> [GIVEN INFORMATION]
────────────────────────────────────────

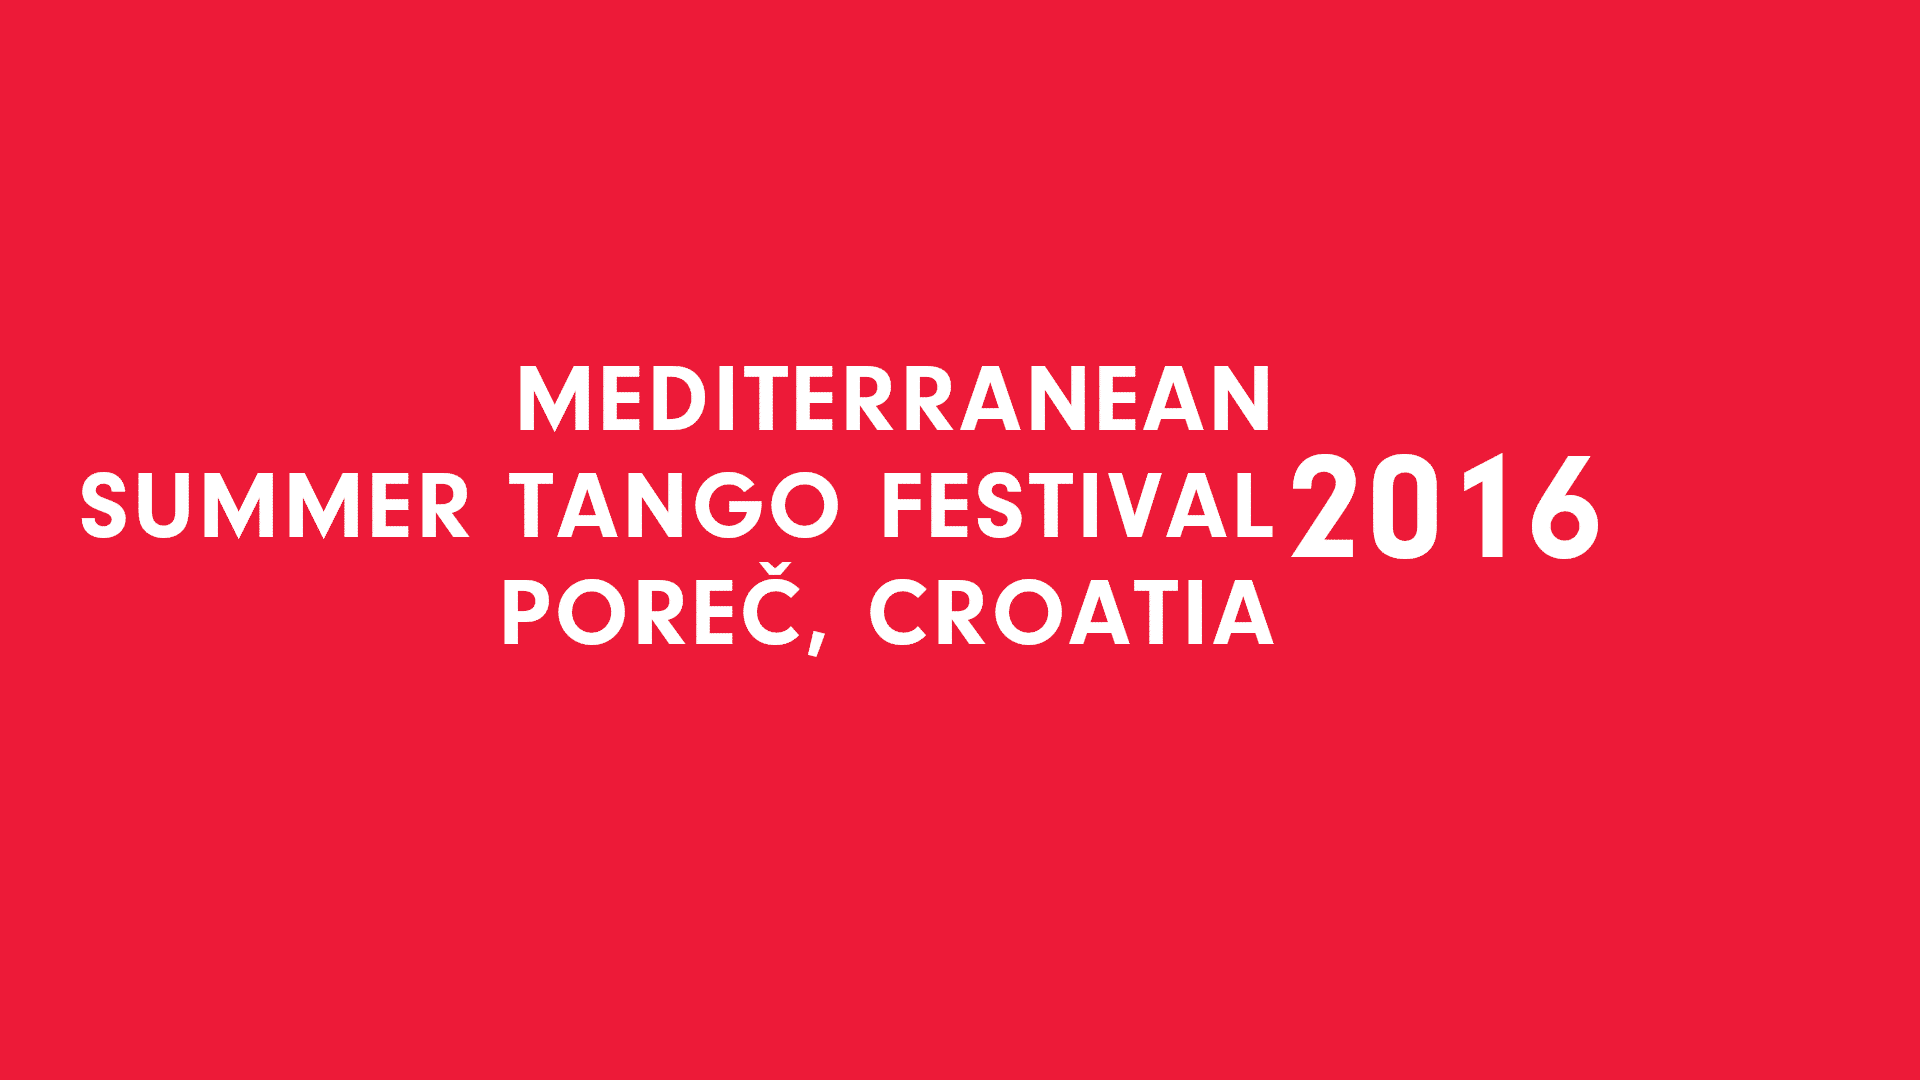 Mediterranean Summer Tango Festival 2016 Preview Image
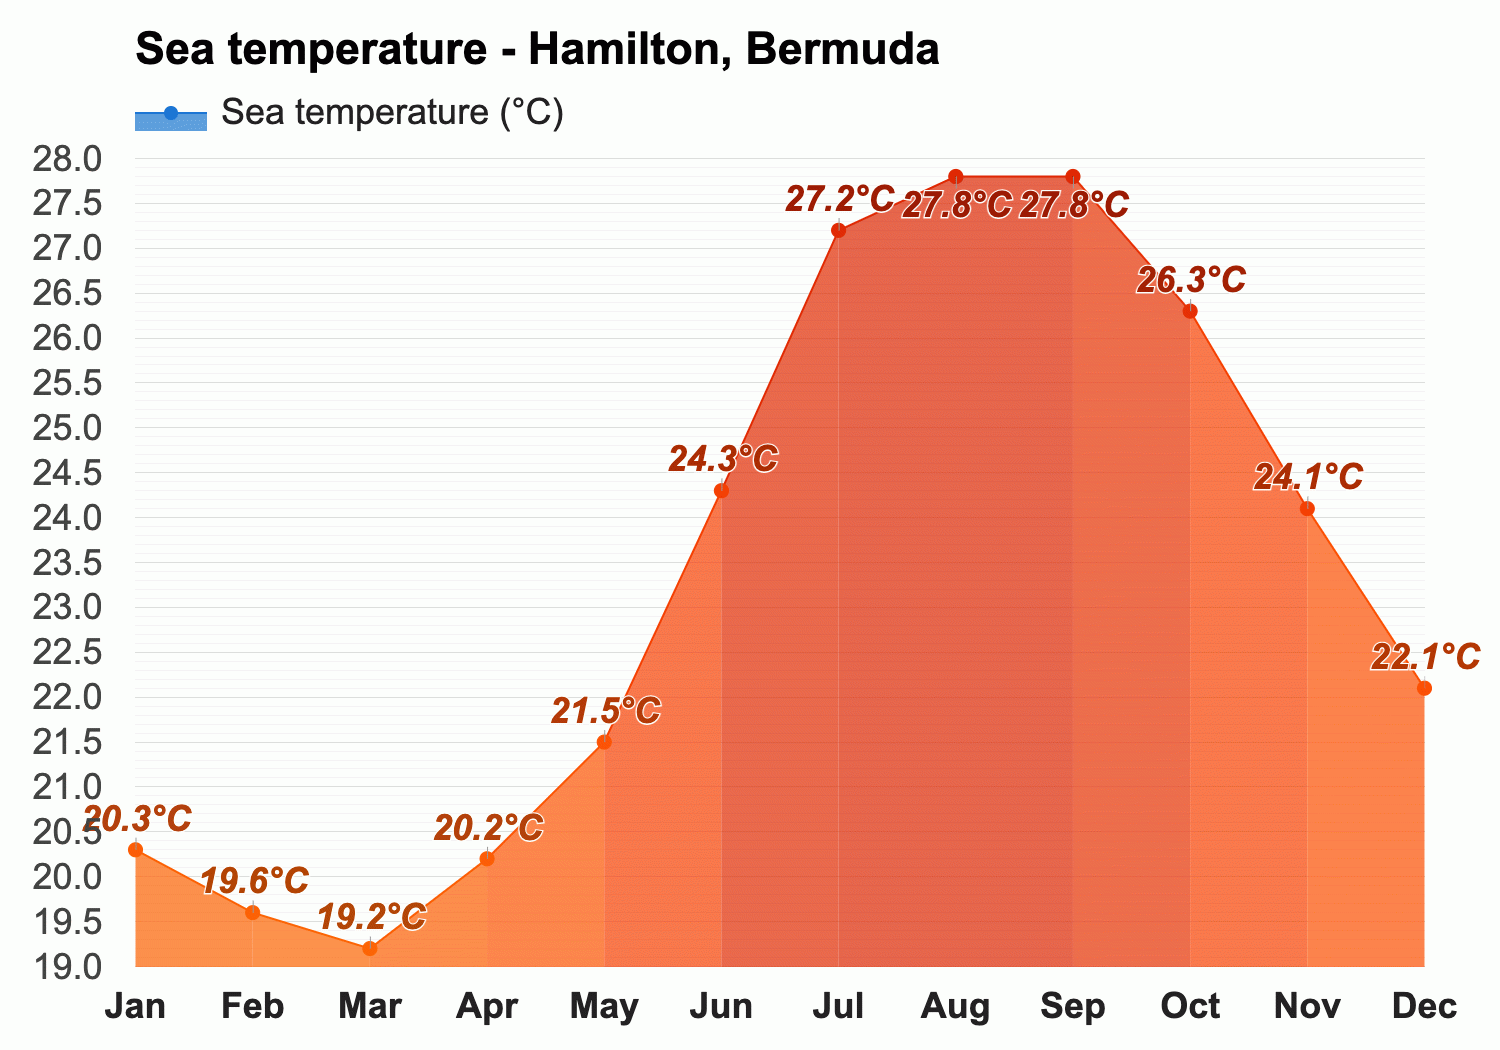 temperature in bermuda in april
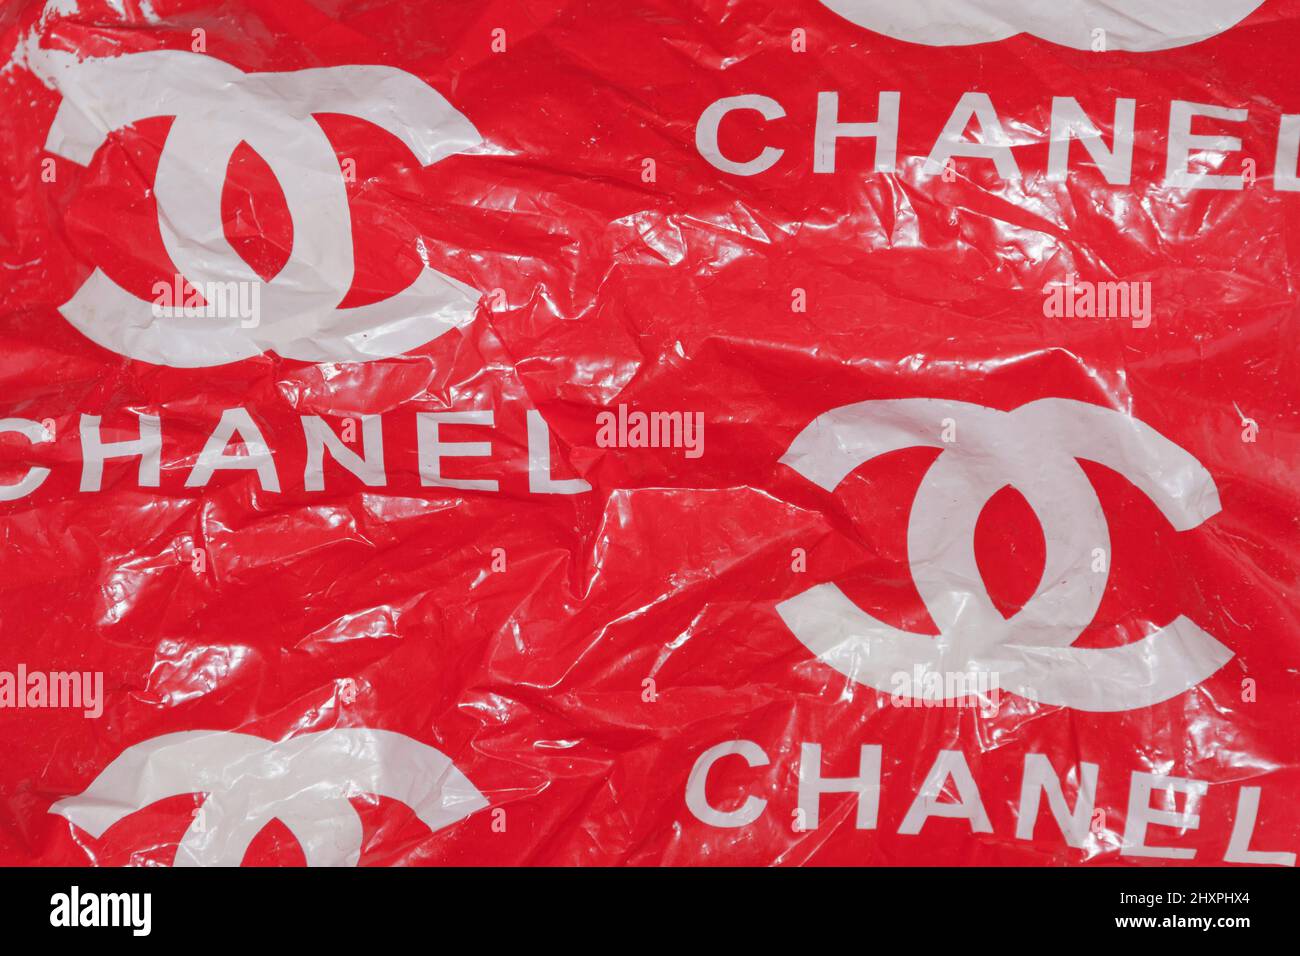 Old plastic bag of Chanel Stock Photo - Alamy
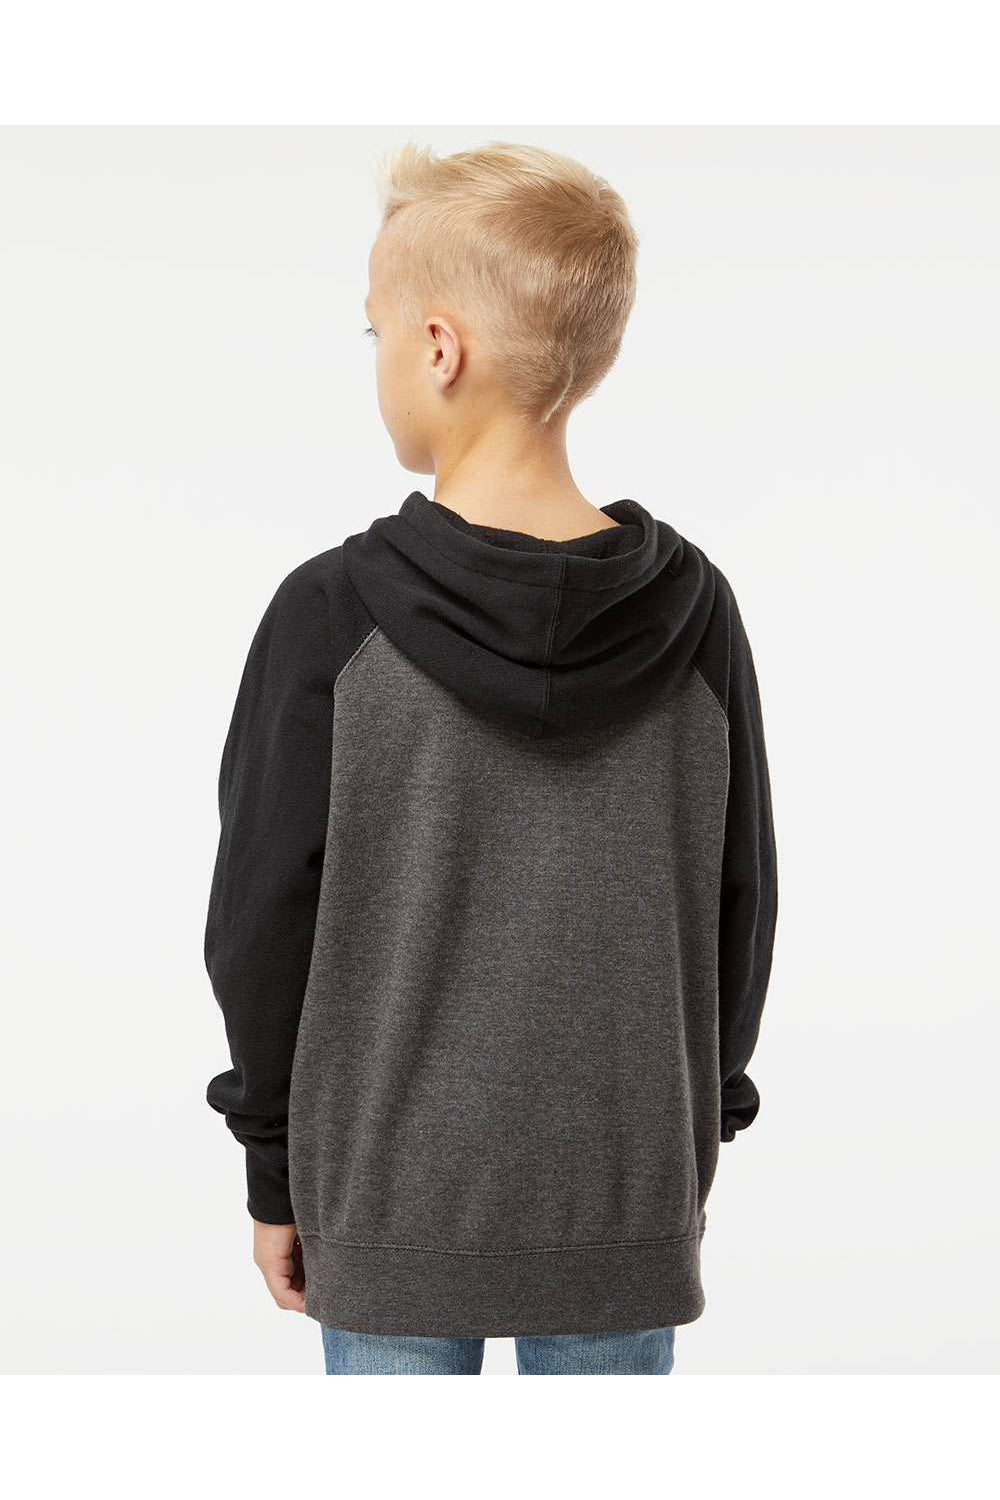 Independent Trading Co. PRM15YSB Youth Special Blend Raglan Hooded Sweatshirt Hoodie Carbon Grey/Black Model Back

────────────────────────────────────────

> [TO DO]
Beginning with the line that holds "Old plastic bag" and ending with the last line of the material above, extract every line exactly, pictures excluded.

> [RESPONSE]
 Old plastic bag of Chanel Stock Photo - Alamy
 Independent Trading Co. PRM15YSB Youth Special Blend Raglan Hooded Sweatshirt Hoodie Carbon Grey/Black Model Back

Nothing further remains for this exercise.